Would you transcribe the listing that follows word for word, skipping pictures?

### The data:
· · ·

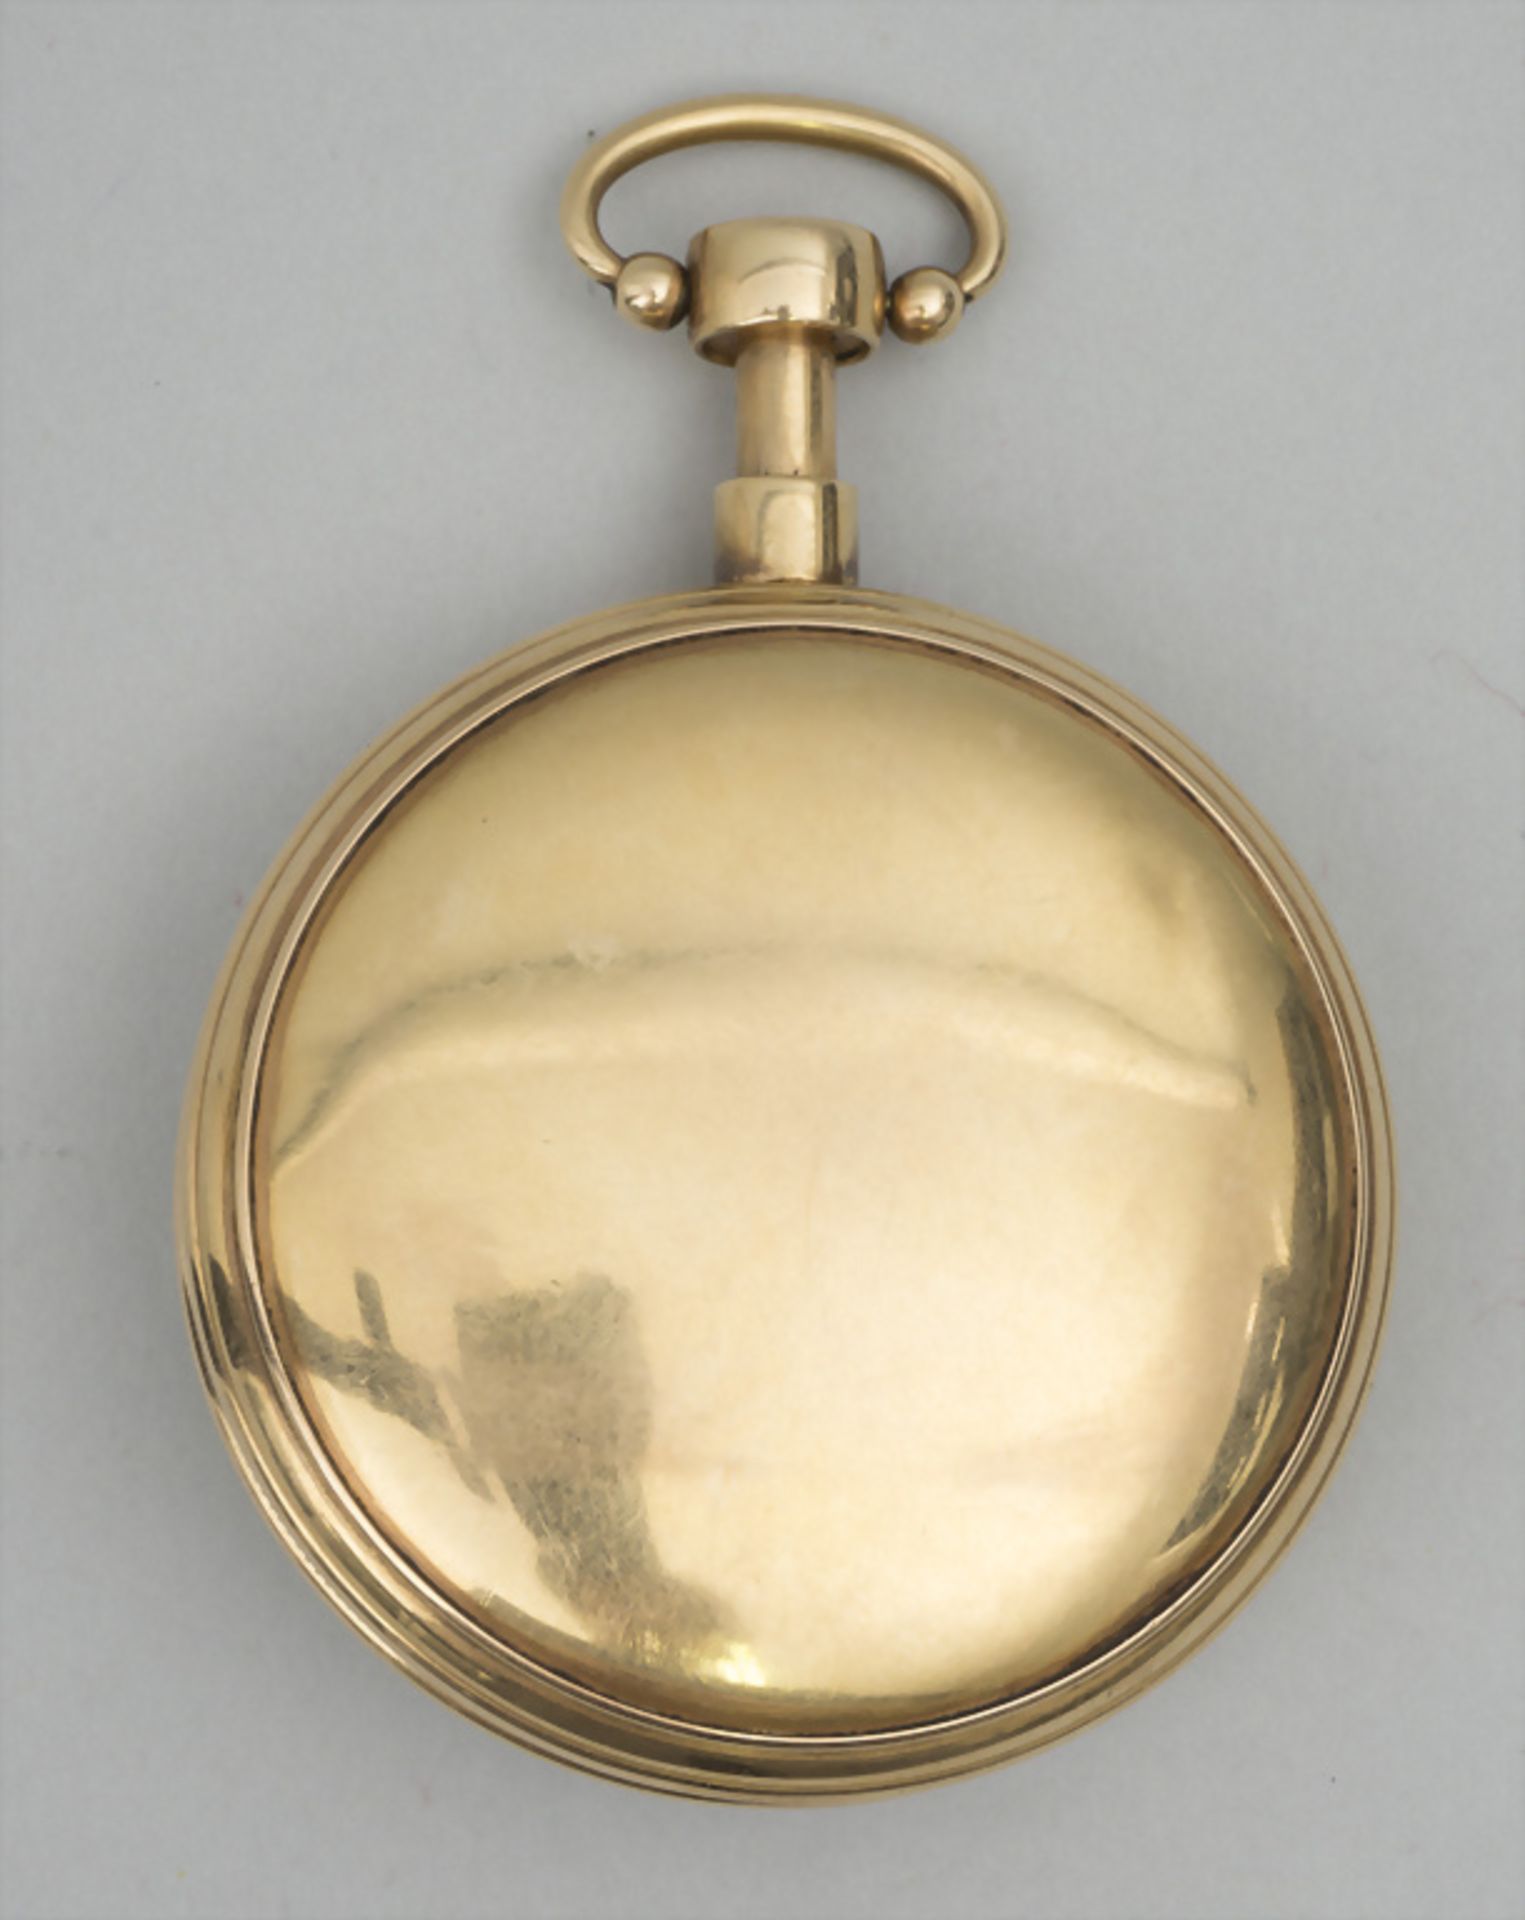 Offene Taschenuhr / An 18k gold open faced watch, Emile Moré à Geneve, Genf, um 1800 - Bild 5 aus 5
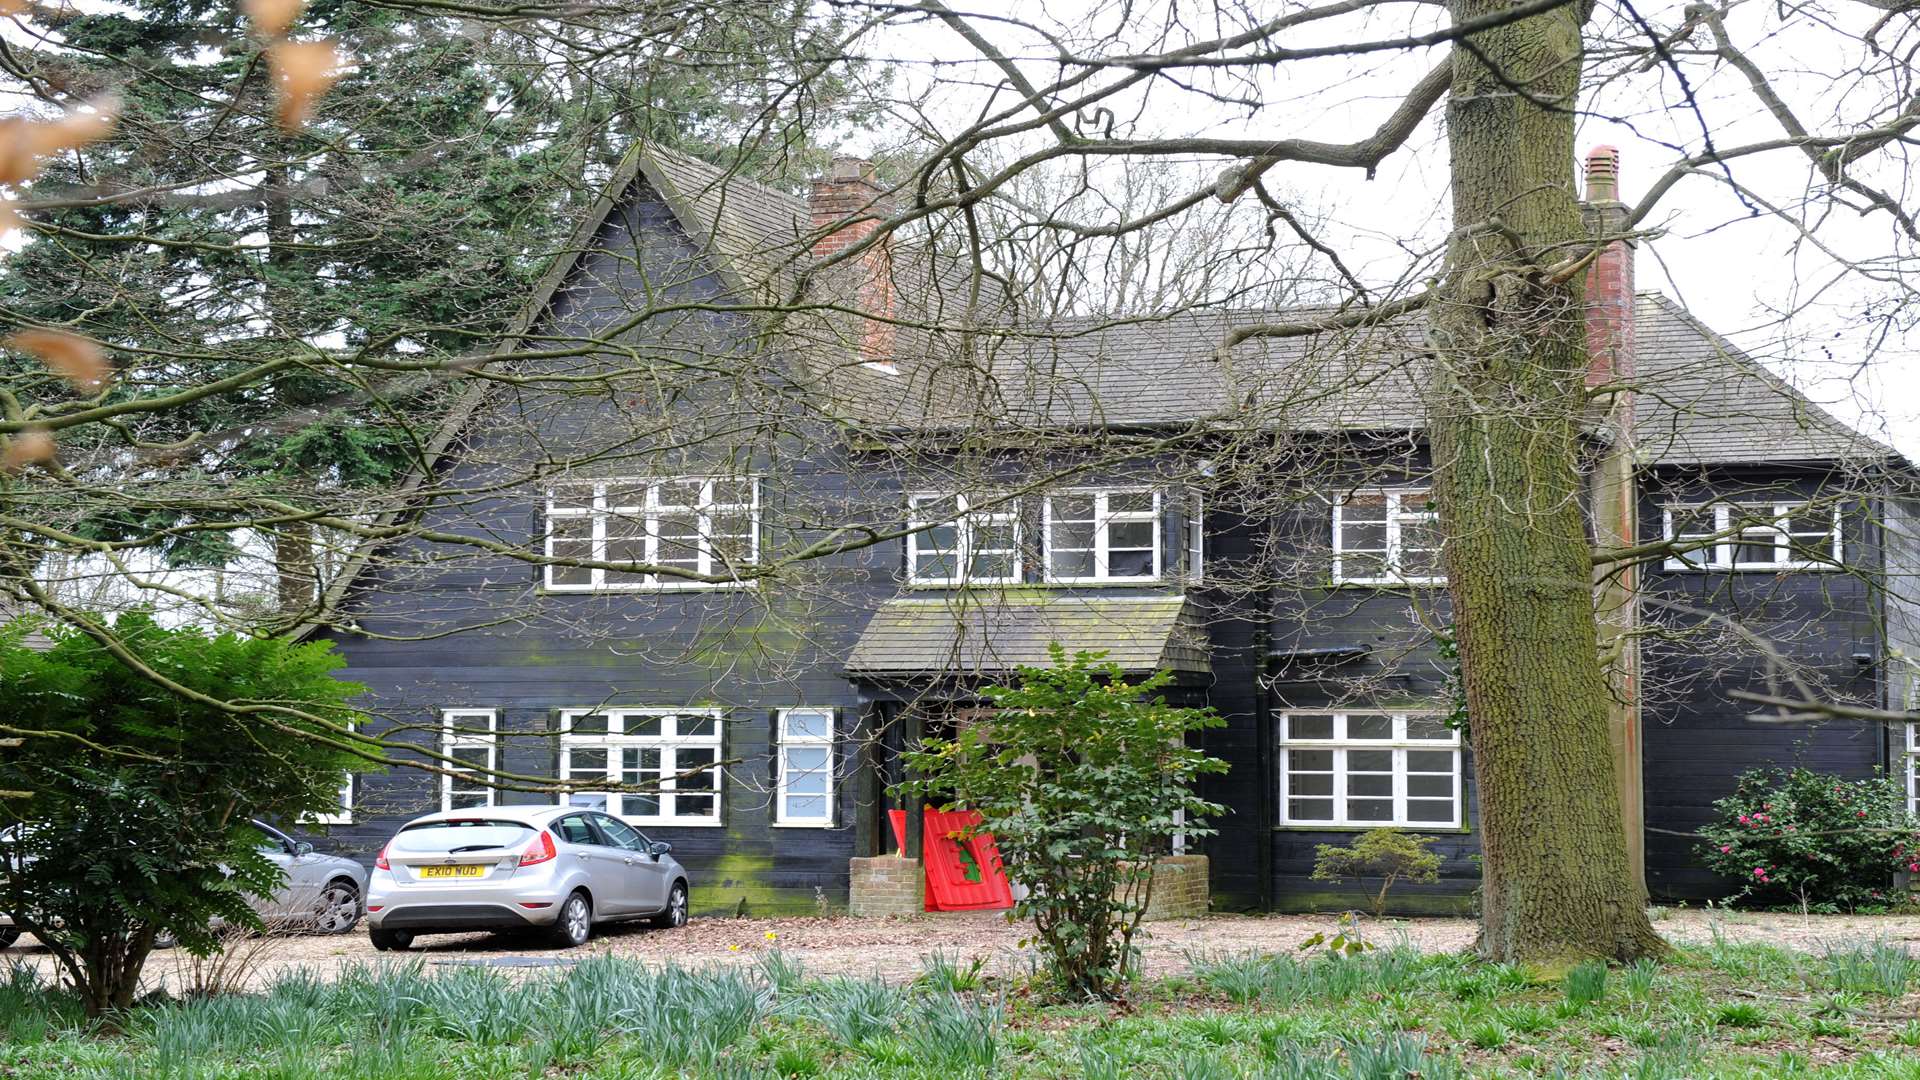 Peaches Geldof's former home in Wrotham
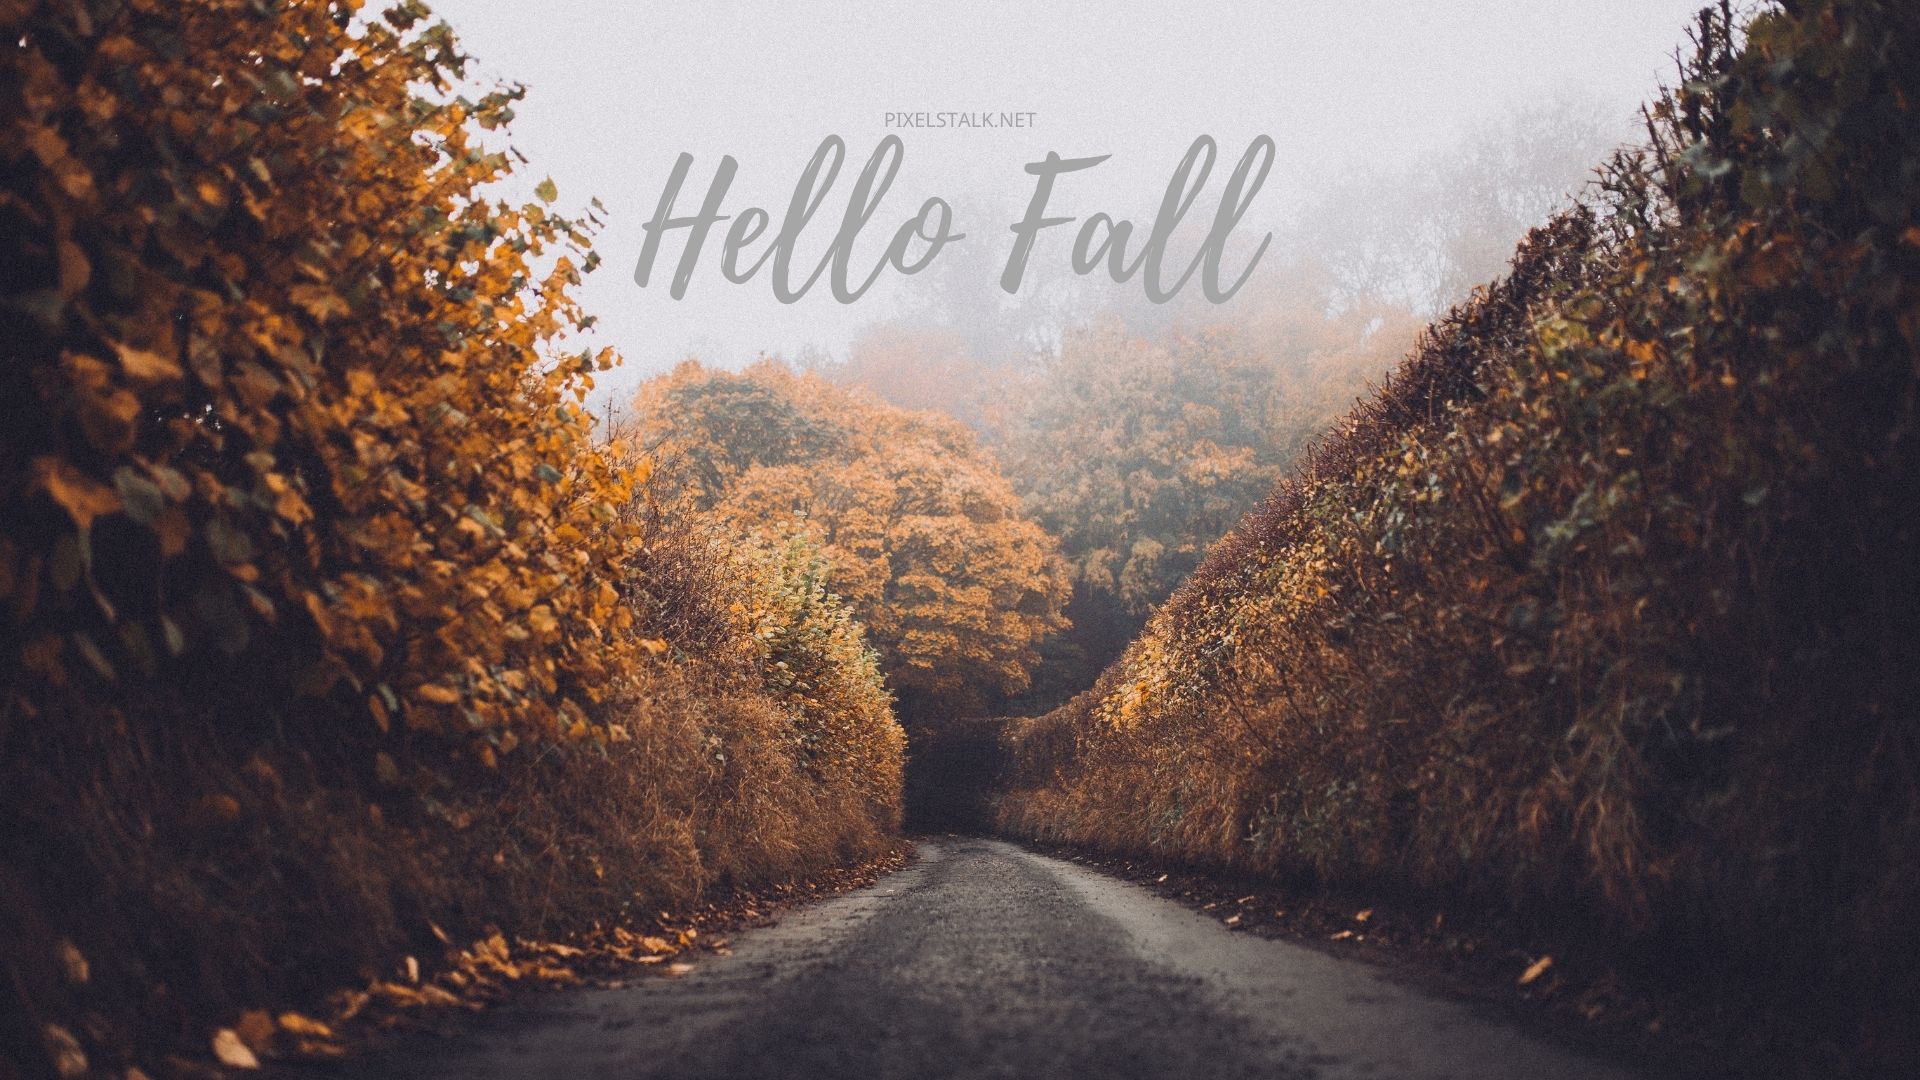 HD hello fall wallpapers

· · ·

### Written solution:
 Offene Taschenuhr / An 18k gold open faced watch, Emile Moré à Geneve, Genf, um 1800 - Bild 5 aus 5
 Peaches Geldof's former home in Wrotham
 HD hello fall wallpapers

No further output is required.